*** Data section Section Begins ***

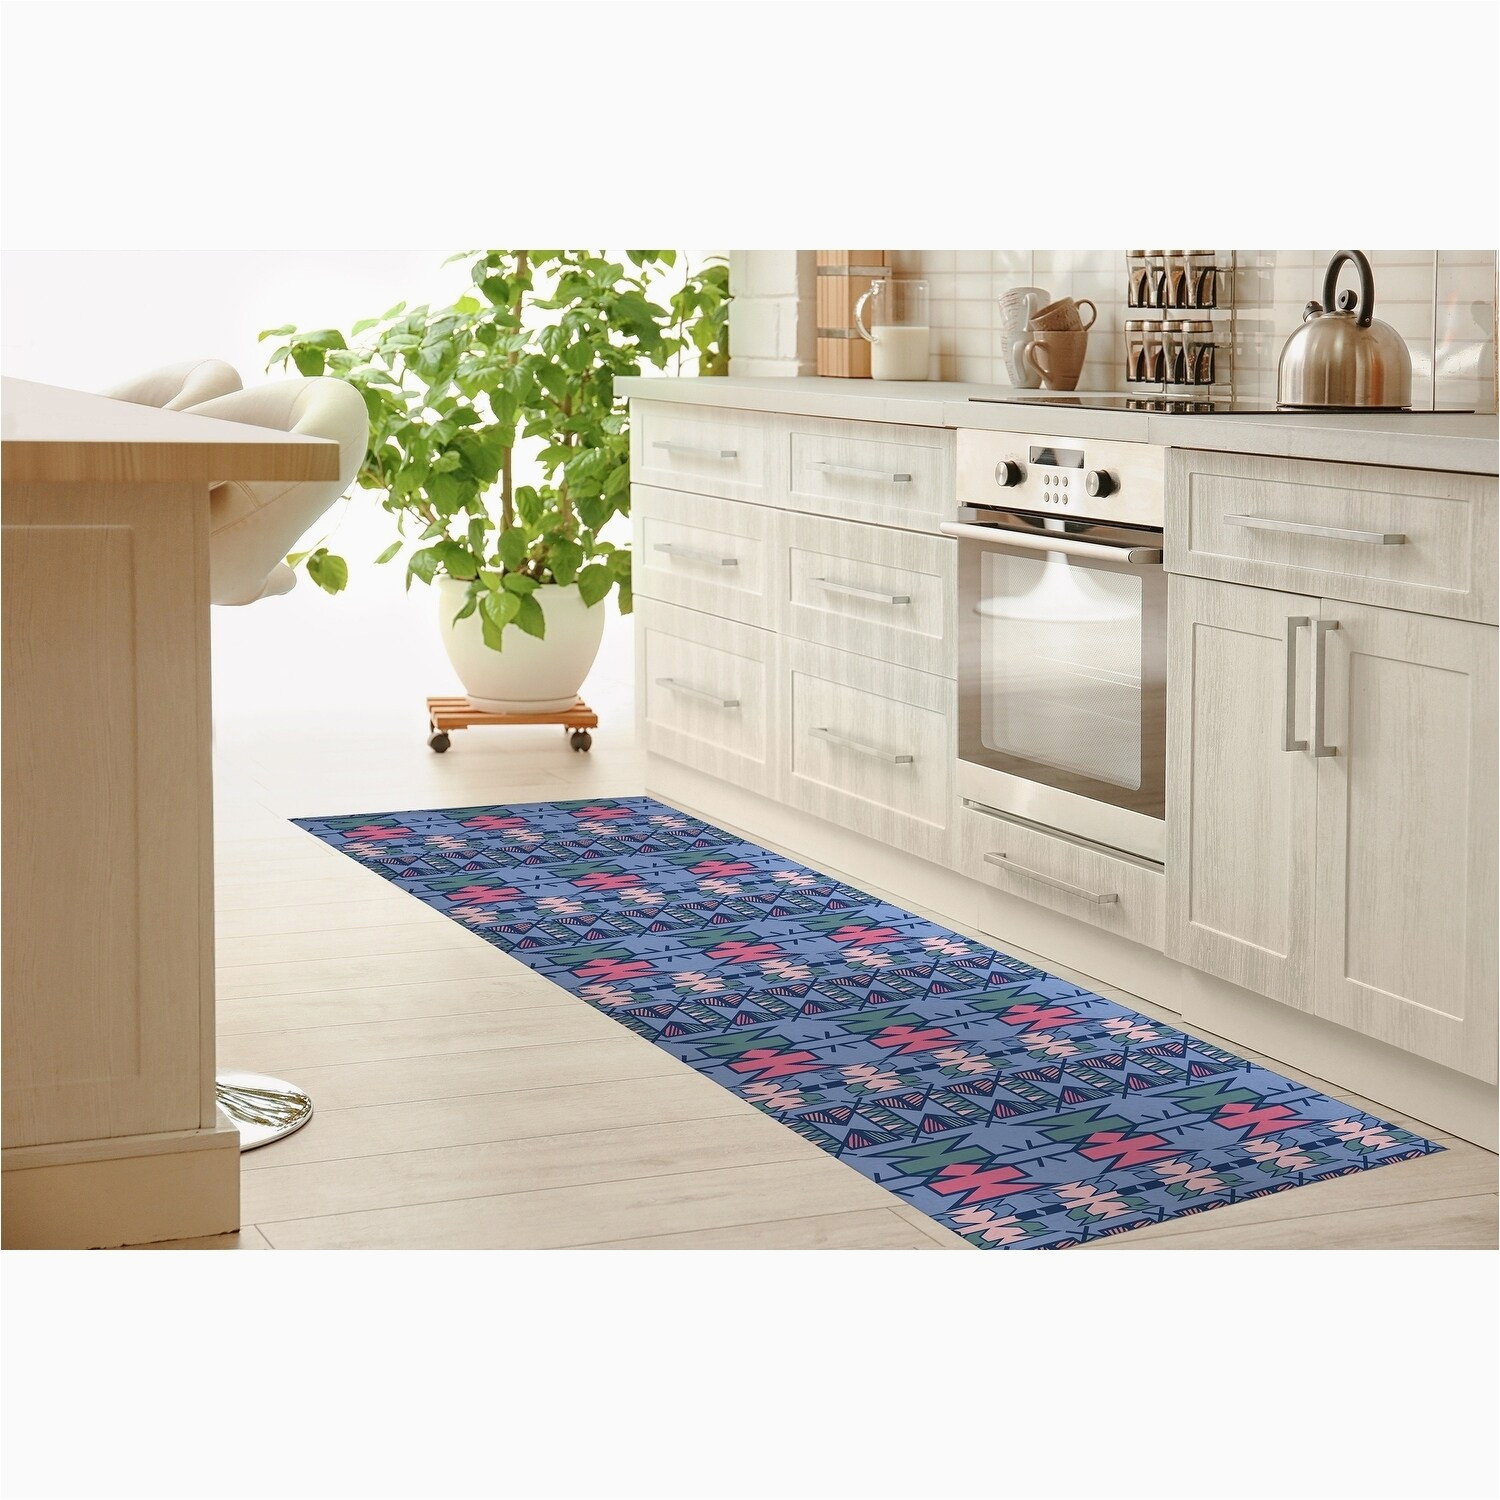 Blue Kitchen Rug Set Kavka Designs Bohemian & Eclectic Indoor Polyester Kitchen Rugs …
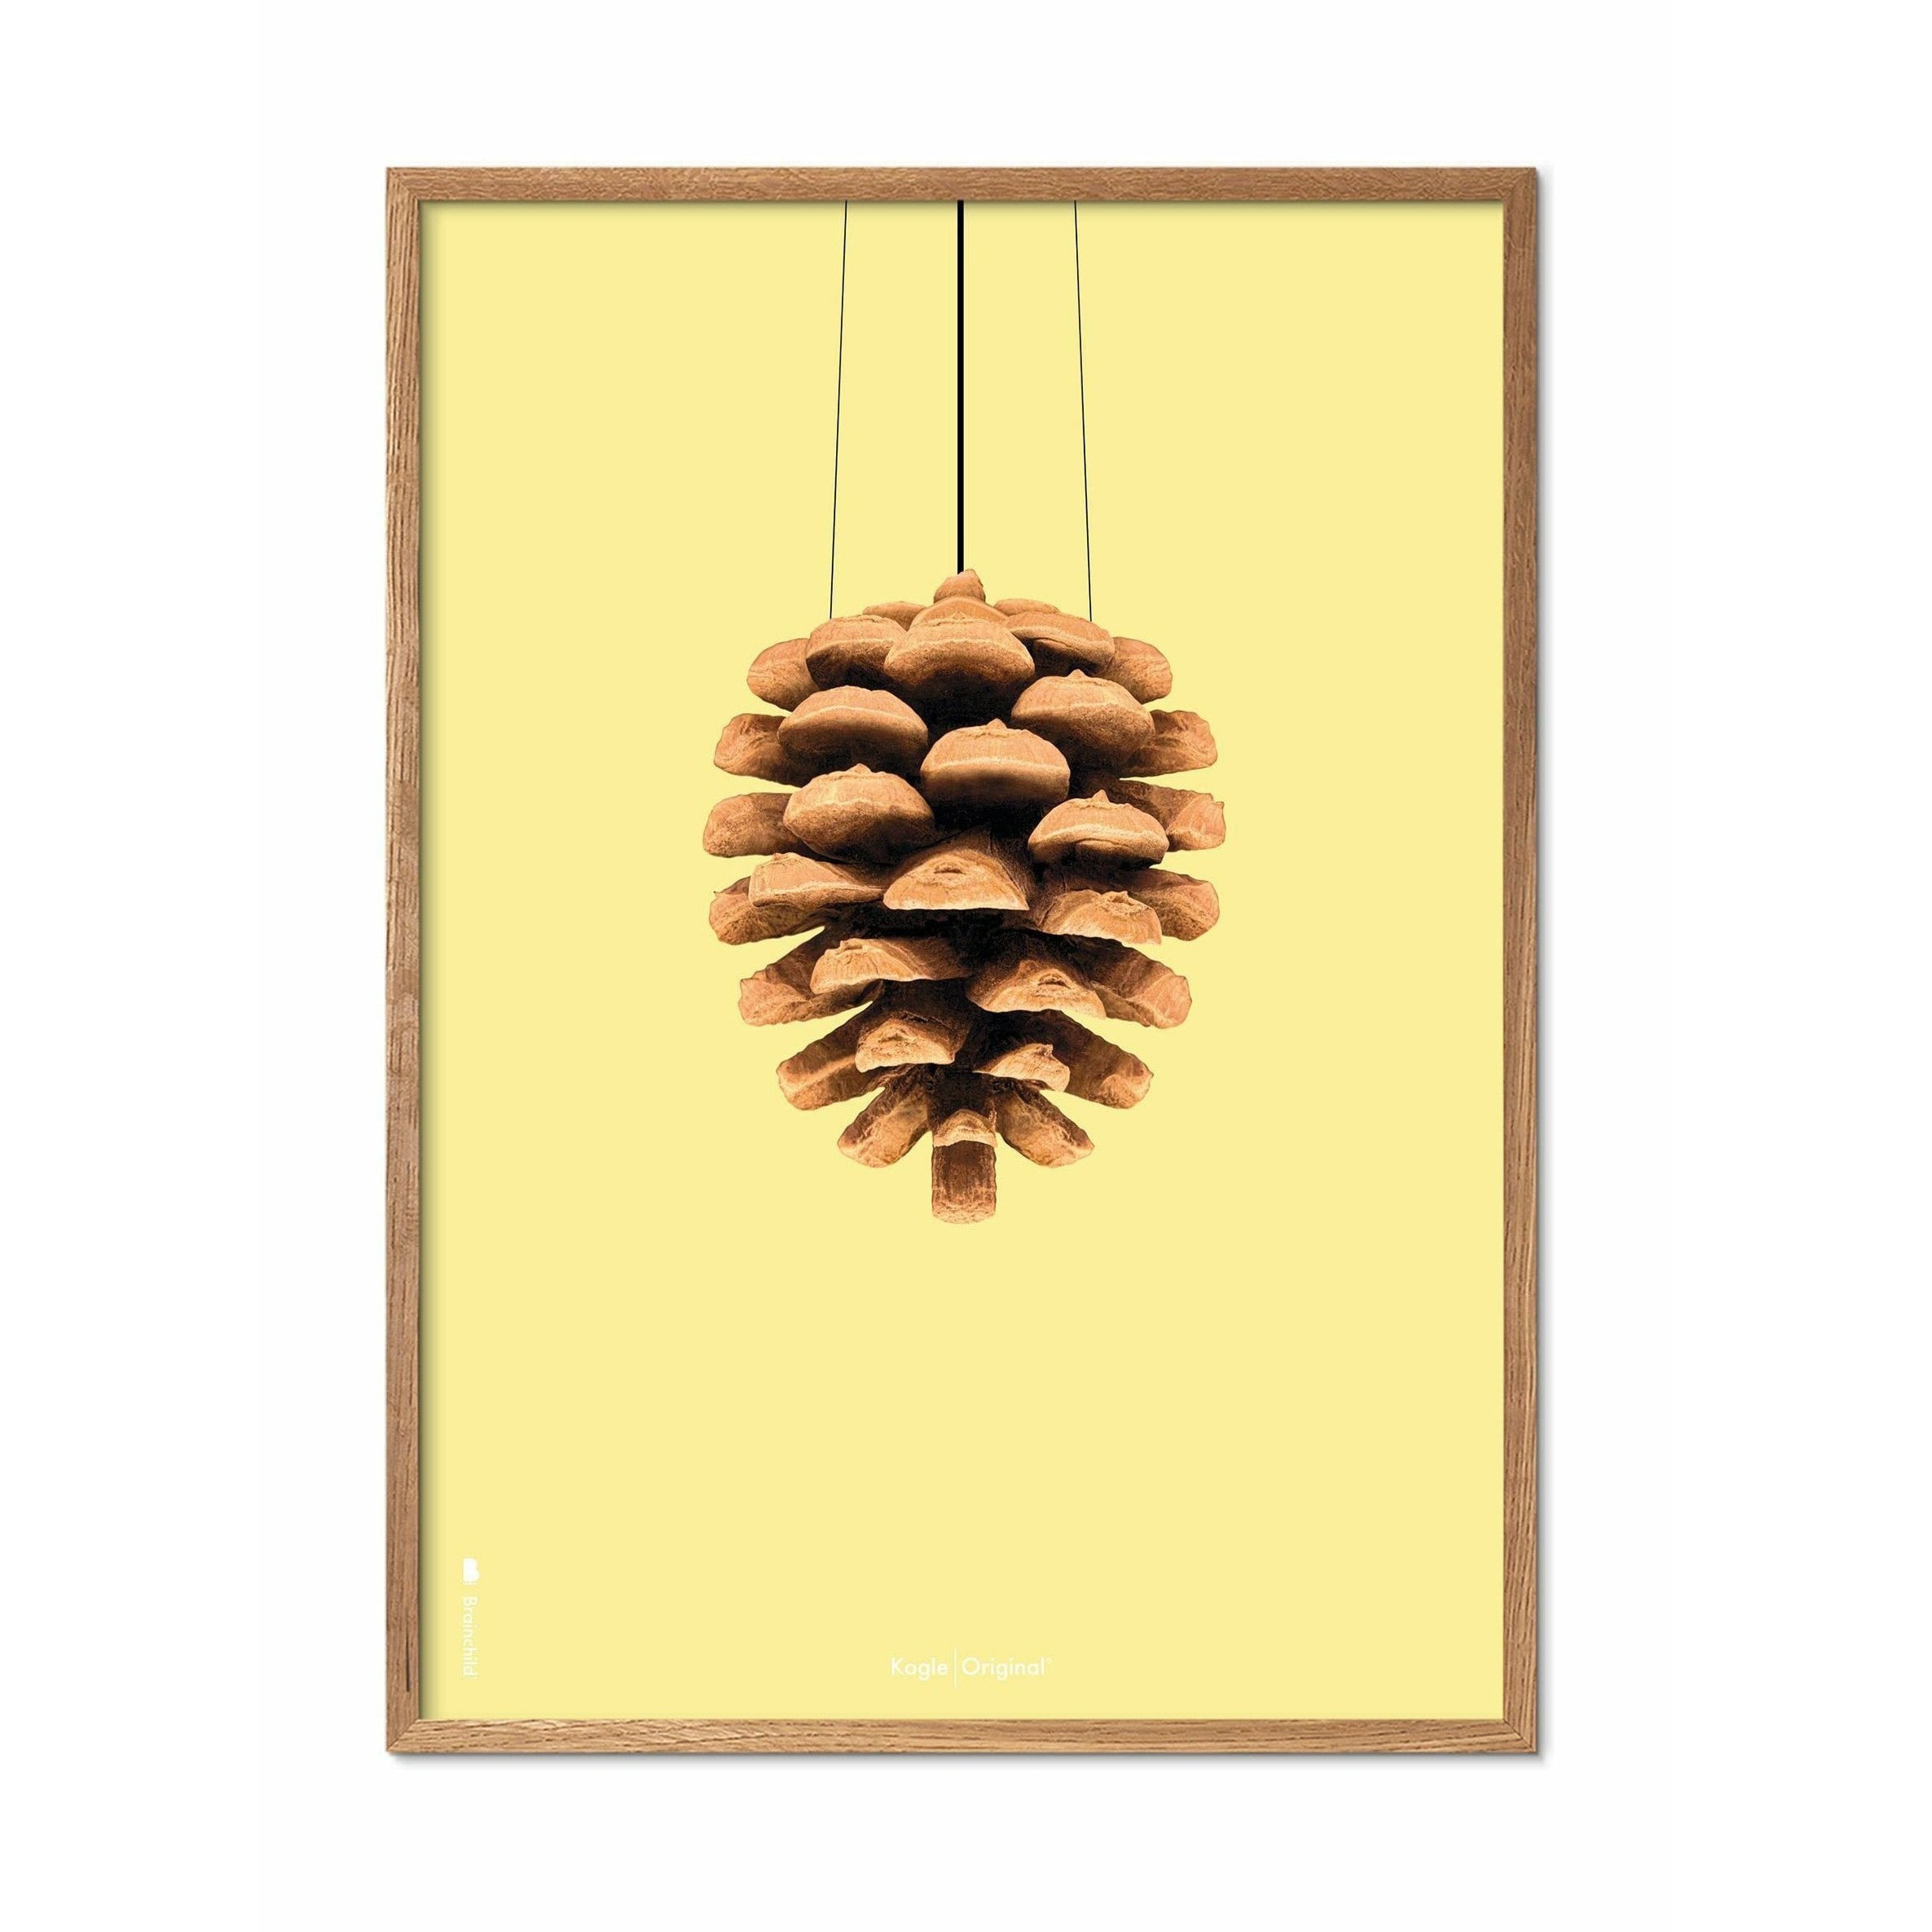 Brainchild Pine Cone Classic Poster, Frame Made Of Light Wood 70x100 Cm, Yellow Background
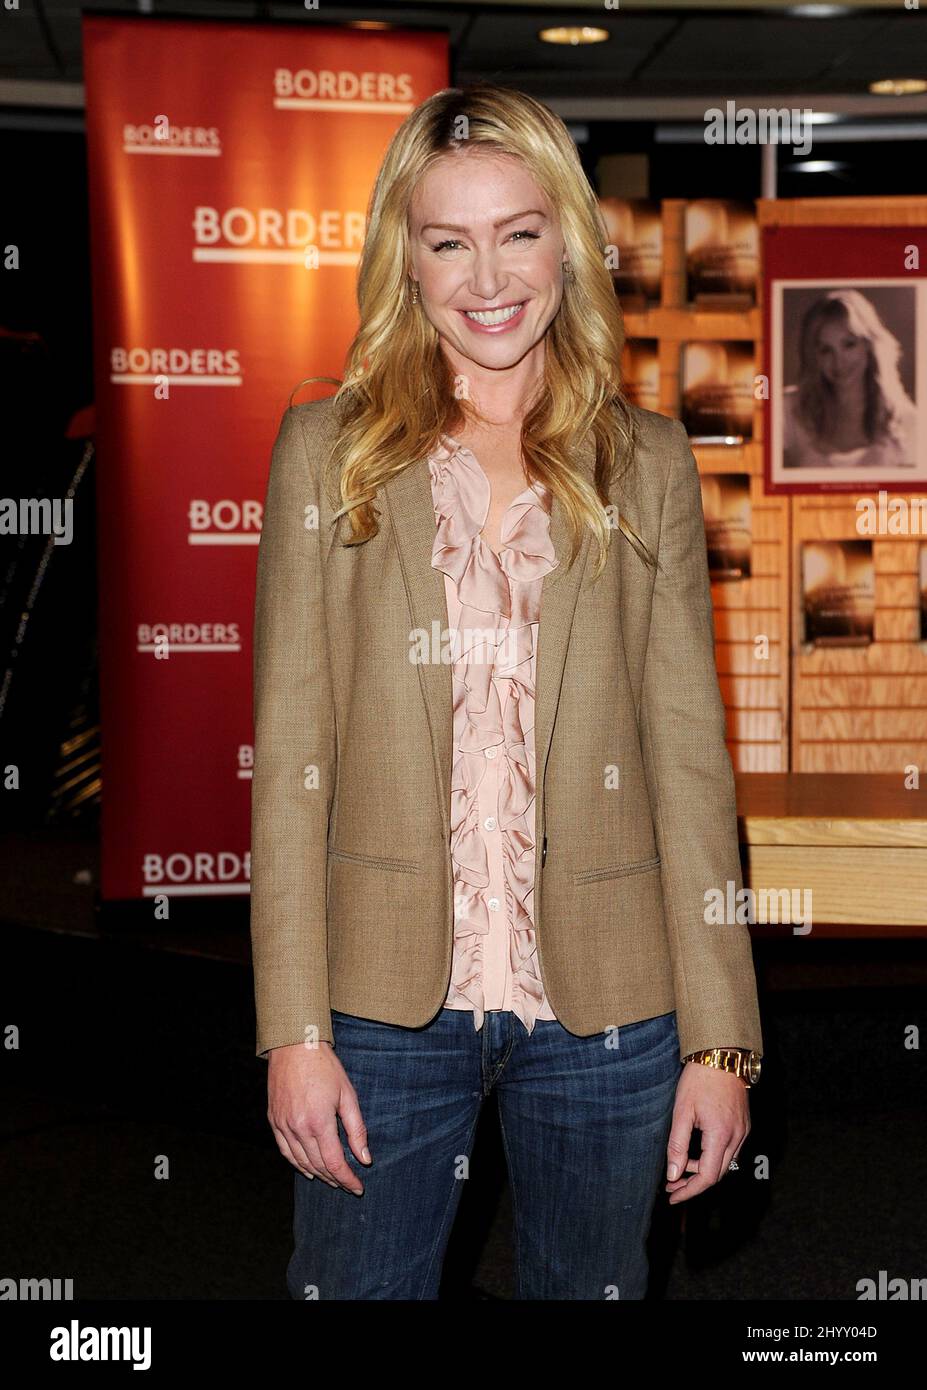 Portia de Rossi signs copies of her new book "Unbearable Lightness" at  Borders in Los Angeles, USA Stock Photo - Alamy

*** Data section Section Ends ***

_Work order_. Where the data includes pictures, leave them out and write out everything else exactly.

_Written answer_.
 Blue Kitchen Rug Set Kavka Designs Bohemian & Eclectic Indoor Polyester Kitchen Rugs …
 Brainchild Pine Cone Classic Poster, Frame Made Of Light Wood 70x100 Cm, Yellow Background
 Portia de Rossi signs copies of her new book "Unbearable Lightness" at  Borders in Los Angeles, USA Stock Photo - Alamy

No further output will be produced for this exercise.